This application is part of my engineering thesis called "Mobile application for blind people to help them navigate through the city".
Paper: Navigation for Blind
- obstacle detection with OpenCV (stereo 3d sounds with a change in amplitude depending on estimated distance to an object)
- current location (address)
- compass
- date and hour
- voice commands
- compatible with Android ScreenReader
- all features are conveyed verbally with speech synthesizer
- Polish and English language version
- Transform RGB to Gray image.
- Reduce image size to around 500x400. (the bigger the better results but worse performance)

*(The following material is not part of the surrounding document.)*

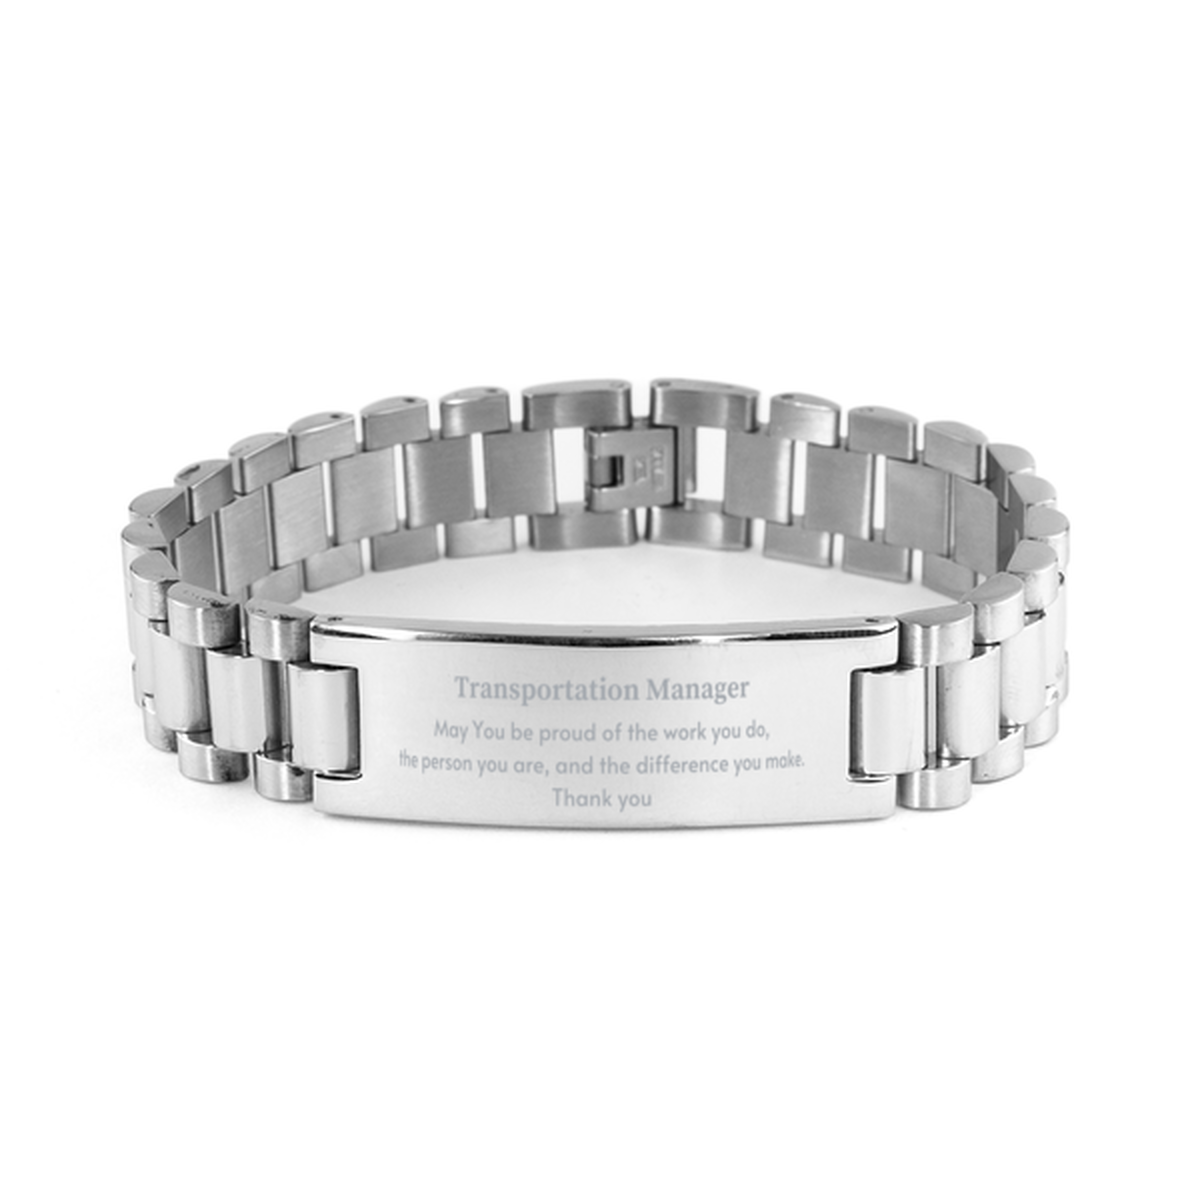 Heartwarming Ladder Stainless Steel Bracelet Retirement Coworkers Gifts for Transportation Manager, Transportation Manager May You be proud of the work you do, the person you are Gifts for Boss Men Women Friends

- Apply median filter 5x5.
- Apply avg blur filter 5x5.
- Dilation 5x5- enlargment of brighter pixels and shrinking of darker ones. It serves a role of erasing dark edges occuring on the pavement between paving blocks.
- Apply median filter 5x5.
- Canny edge detection with adaptive min and max thresholds according to average image brightness -> Min=(1-0.33)*avg, Max=(1+0.33)*avg
- Probabilistic Hough Lines transform for lines detection. rho: 1.0, theta: Math.PI / 180, threshold: 40, minLineLength: 40.0, maxLineGap: 10.0)
- Detecting intersections between detected obstacle lines and our field of detection.
- Average closest intersection point from last frame and current frame.
- Make stereo sound (depending on intersection position left and right headphone volume is adjusted accordingly) with loudness according to relative distance to nearest intersection (the higher the intersection occurred on the screen the further it should be)
(Warning) The algorithm does not include object classification or any other machine learning approach. Just pure OpenCV
The algorithm is based on assumption that obstacles have straight lines. If there is a circular obstacle like a ... huge ball (?) it won't be detected by this method. So then cars without well defined edges are not easy to detect. Hard shadows also can be mistaken for an obstacle. Pavement with colorful patterns also can disrupt the detection. Other than that the algorthim works quite well for detecting sidewalk posts, stairs, people, cars with sharp edges, pavement with well established edges without overgrowing grass, benches etc. It works in different lighting conditions thanks to adaptive canny thresholds, tho at night it has it's limitations.